* [What is expected]: For the records below, output word for word the lines from the one with "Кресло-глайдер 150-100255" up to and including the one with "Jasa Jual Followers Instagram Murah 2019". No pictures.

* [Available records]:
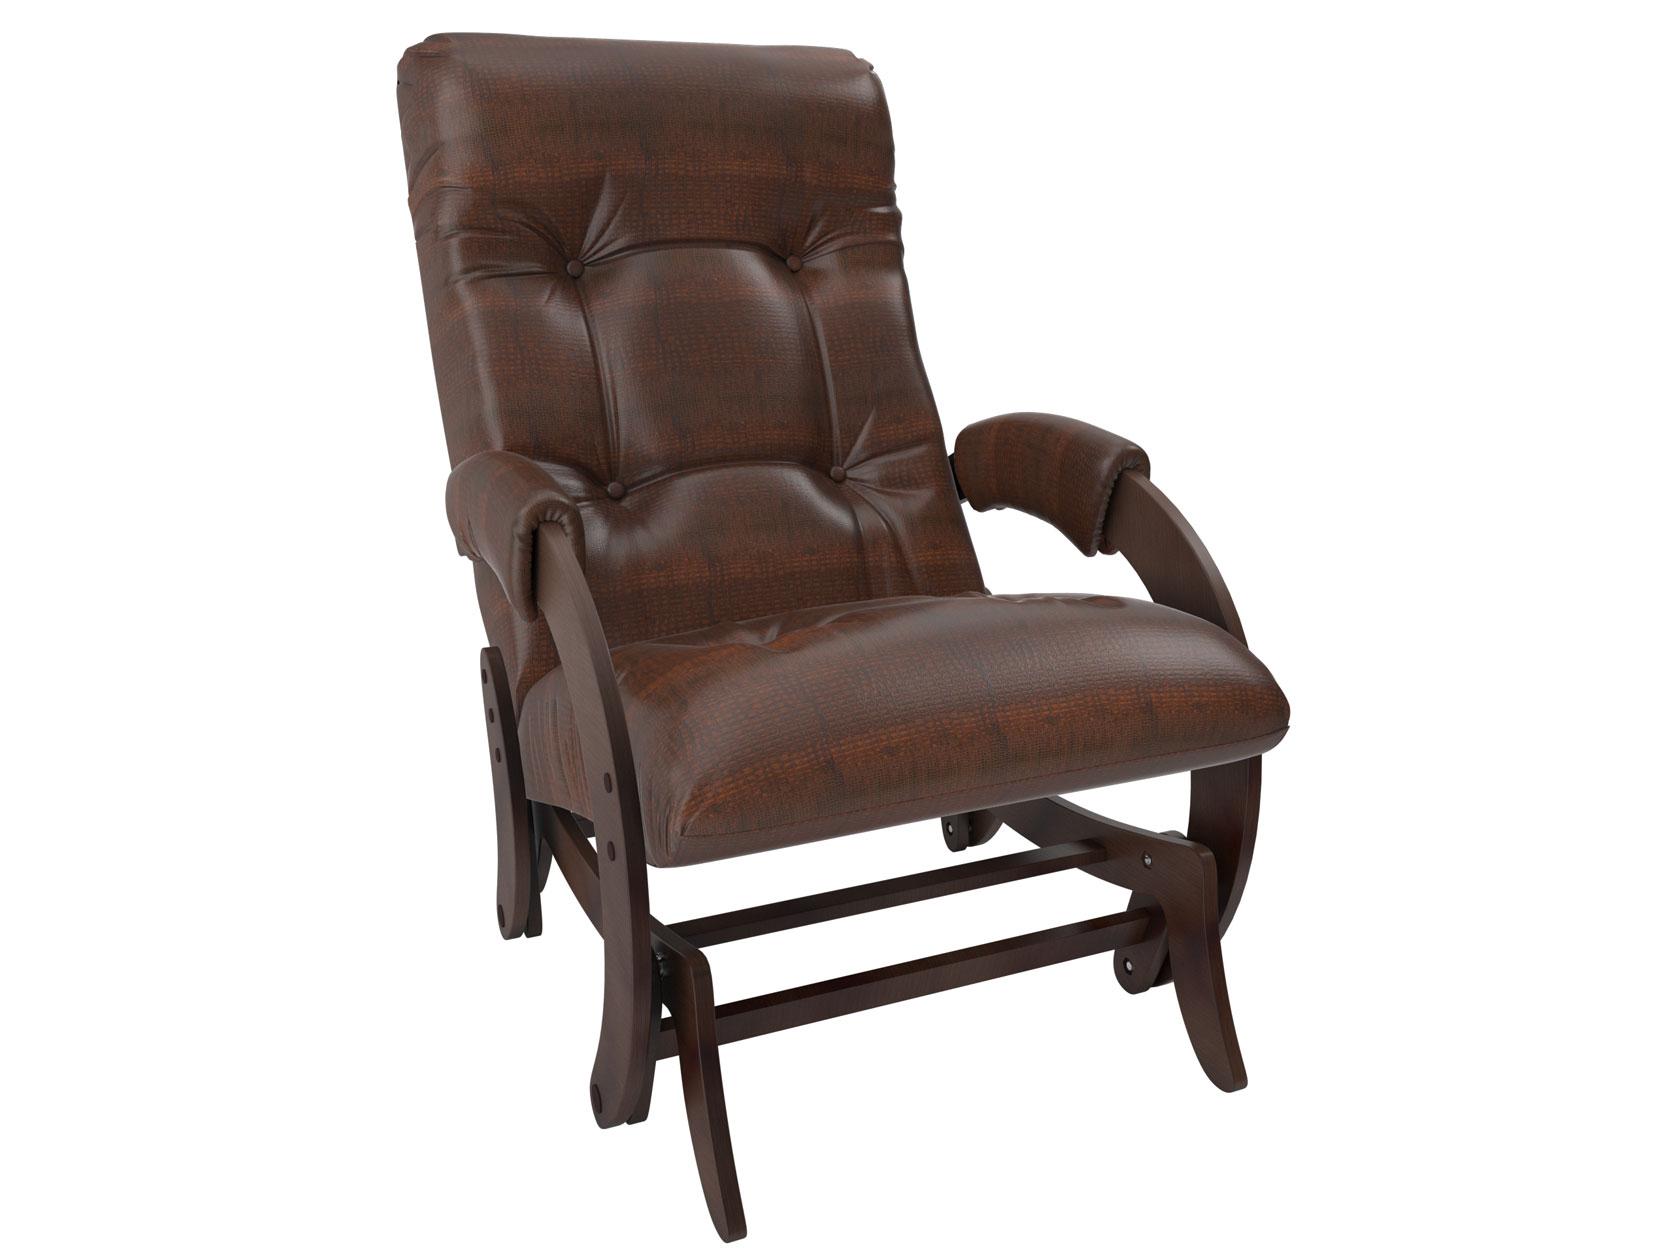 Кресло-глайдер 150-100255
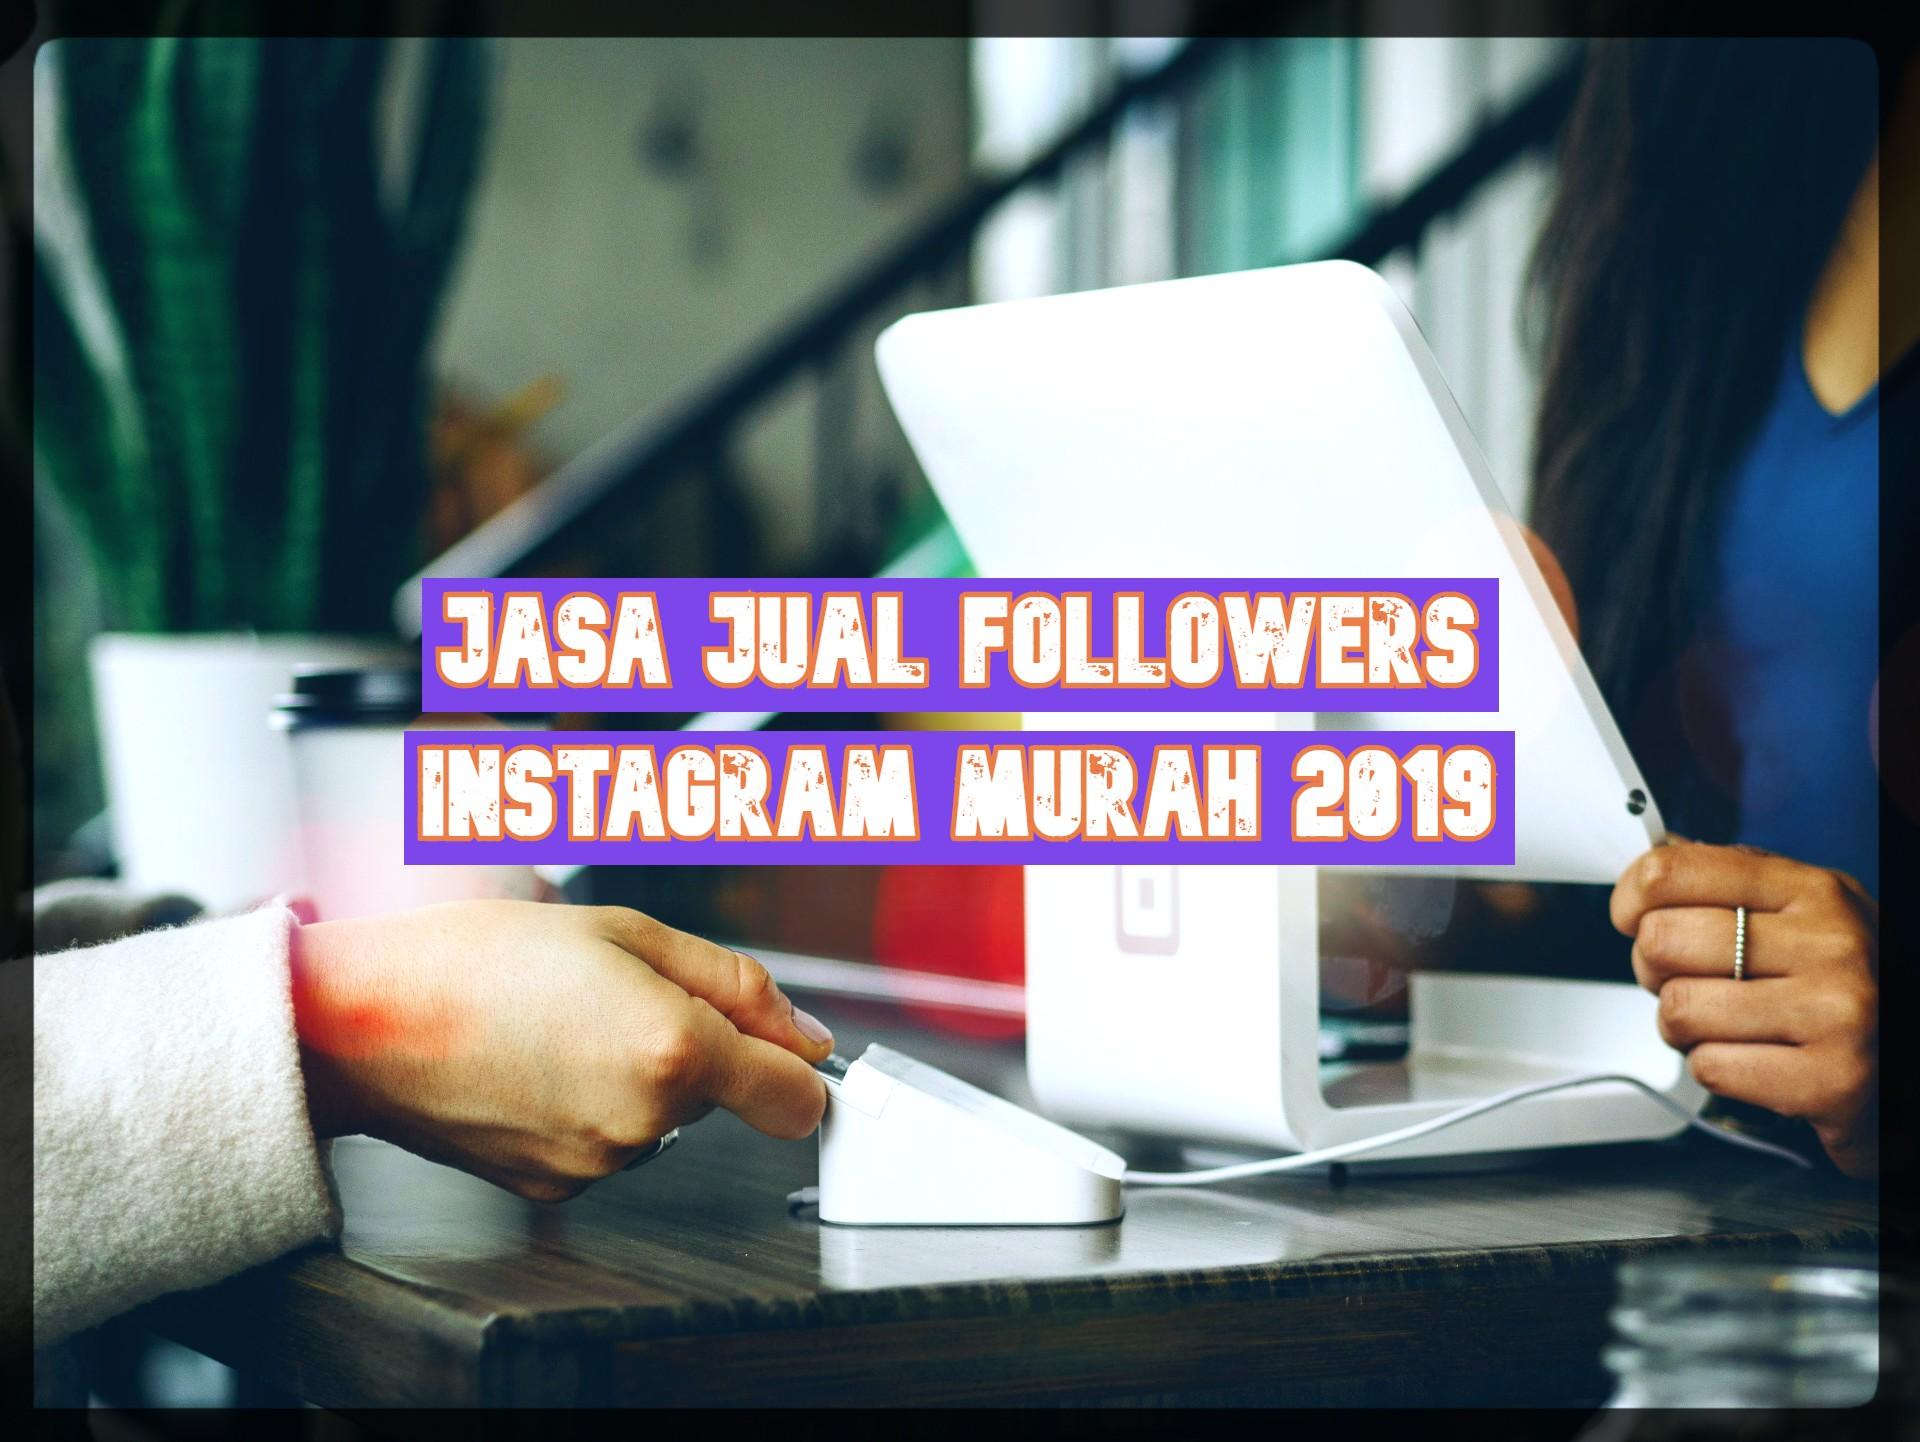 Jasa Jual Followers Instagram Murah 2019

...

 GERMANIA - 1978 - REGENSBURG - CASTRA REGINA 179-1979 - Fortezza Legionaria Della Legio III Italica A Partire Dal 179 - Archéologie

* [Answer to this task]:
 Кресло-глайдер 150-100255
 Jasa Jual Followers Instagram Murah 2019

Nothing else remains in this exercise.